Après des discussions ardues lundi et mardi à New Delhi, les parties indienne et mauricienne sont arrivées à un accord sur le contentieux autour du Double Taxation Avoidance Agreement (DTAA).
L’équipe technique mauricienne, dirigée par le secrétaire financier Dev Manraj et soutenue par le ministre des Services financiers, de la Bonne gouvernance et des Réformes institutionnelles Roshi Bhadain, a réussi un véritable tour de force pour conclure les négociations, soutient un communiqué diffusé par le ministère des Finances hier après-midi. « Il s’agit là d’un développement extrêmement important pour les deux pays.

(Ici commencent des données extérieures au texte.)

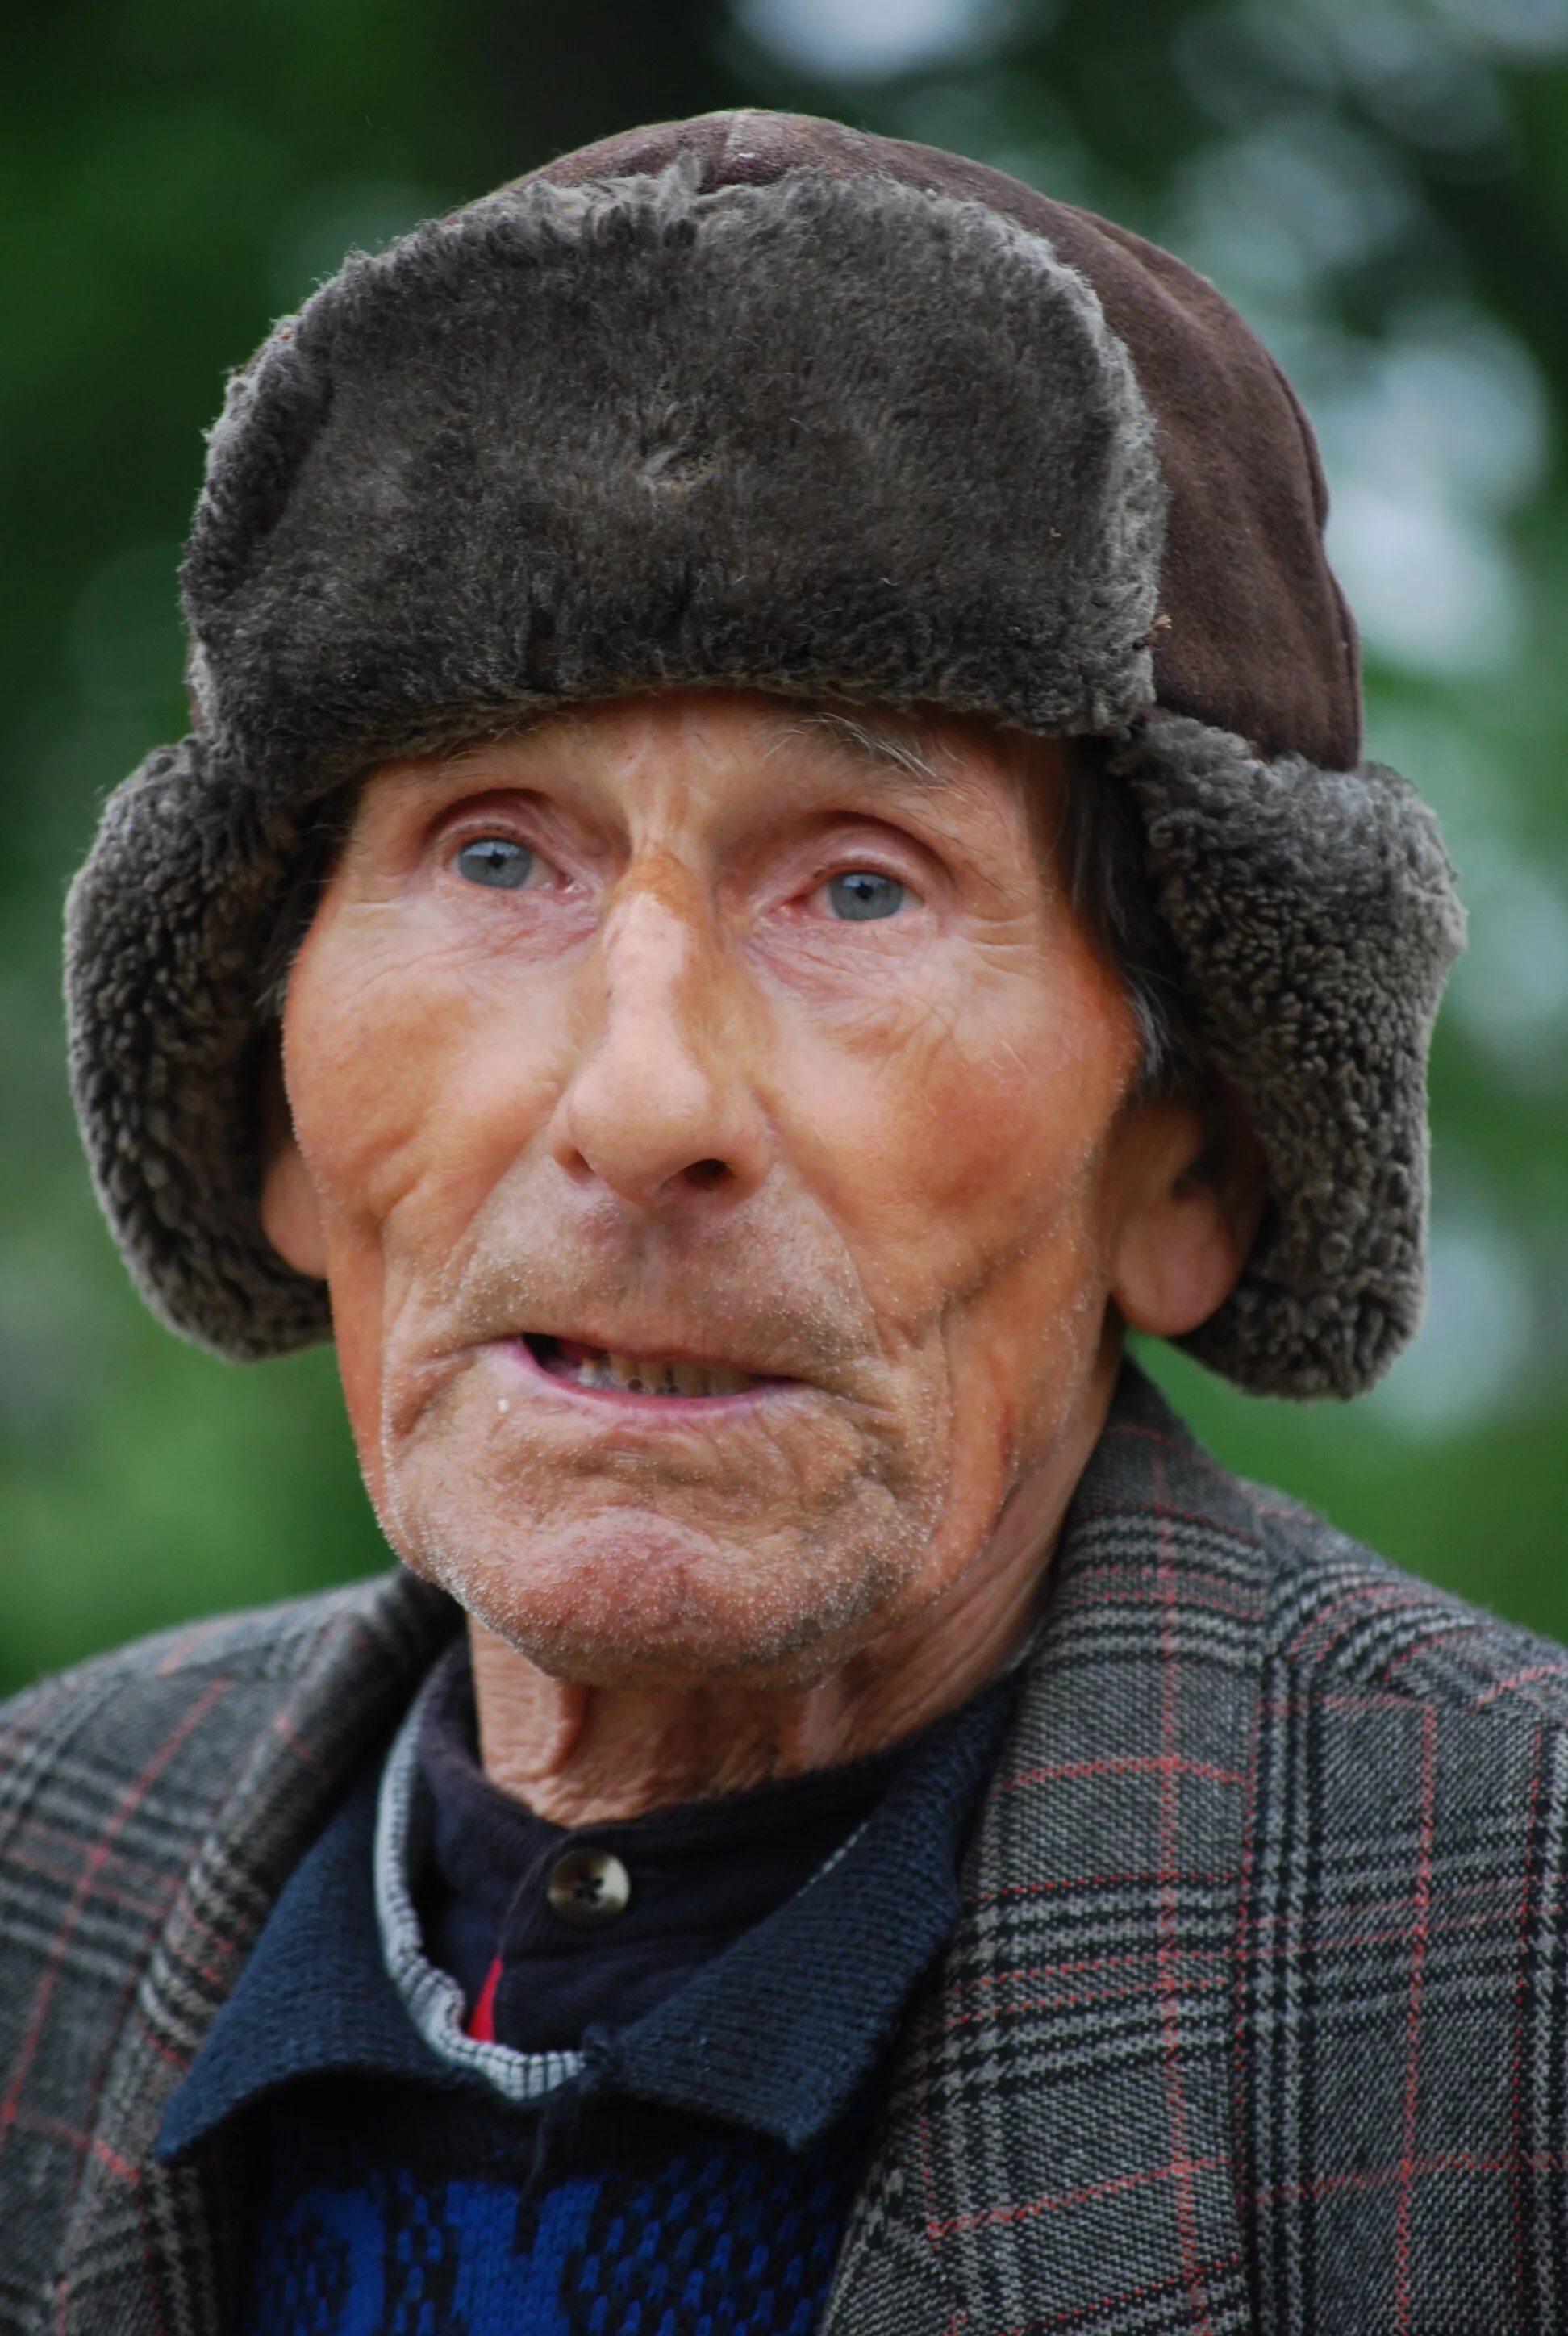 Русские девушки пожилые мужчины. Старик. Старый человек. Фотографии людей. Портрет пожилого мужчины.
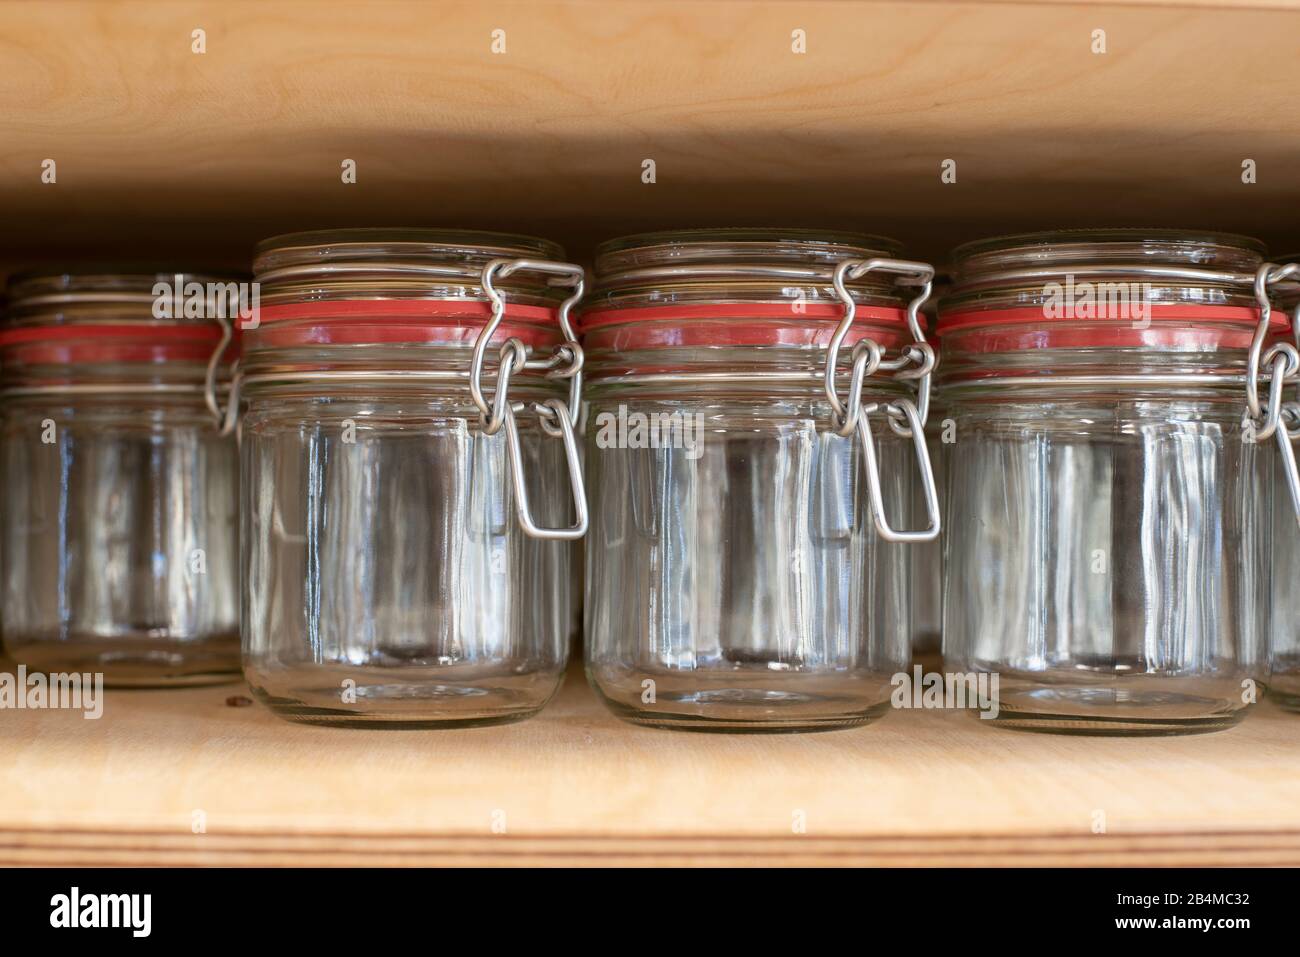 Blick auf Gläser zum Abfüllen von Lebensmitteln in einem Unverpacktladen Stock Photo

Les aspects litigieux du DTAA ont pendant longtemps affecté les relations économiques et politiques entre l’Inde et Maurice. L’aboutissement positif de ces négociations ouvre une nouvelle ère de coopération entre les deux pays amis, après des années de contentieux. Plusieurs tentatives pour trouver un accord sur le traité s’étaient avérées vaines », note le communiqué du ministère des Finances.
« Je tiens à exprimer toute notre gratitude envers le Premier ministre indien, M. Narendra Modi, pour son engagement déclaré à l’effet que l’Inde ne fera rien qui puisse porter préjudice aux intérêts de Maurice dans le cadre des négociations sur le traité. Cet engagement a beaucoup contribué à faire avancer les discussions » a déclaré, pour sa part, le ministre des Finances et du Développement économique, Vishnu Lutchmeenaraidoo.
M. Lutchmeenaraidoo avait eu des discussions avec son homologue indien, Arun Jaitley, au sujet du DTAA le 16 juin dernier à New Delhi. Les progrès réalisés lors des pourparlers au niveau politique ont servi de base aux négociations techniques.
L’accord paraphé par la mission technique (Joint Working Group) sur le traité devra maintenant être entériné par les ministres des Finances des deux pays.
L’aboutissement des négociations sur le traité met un terme à plusieurs années d’incertitude dans le secteur financier mauricien. Ce dénouement permettra aux échanges entre nos deux pays de se dérouler dans la sérénité. Le traité fiscal peut dorénavant assurer plus de clarté et de prévisibilité aux investisseurs étrangers.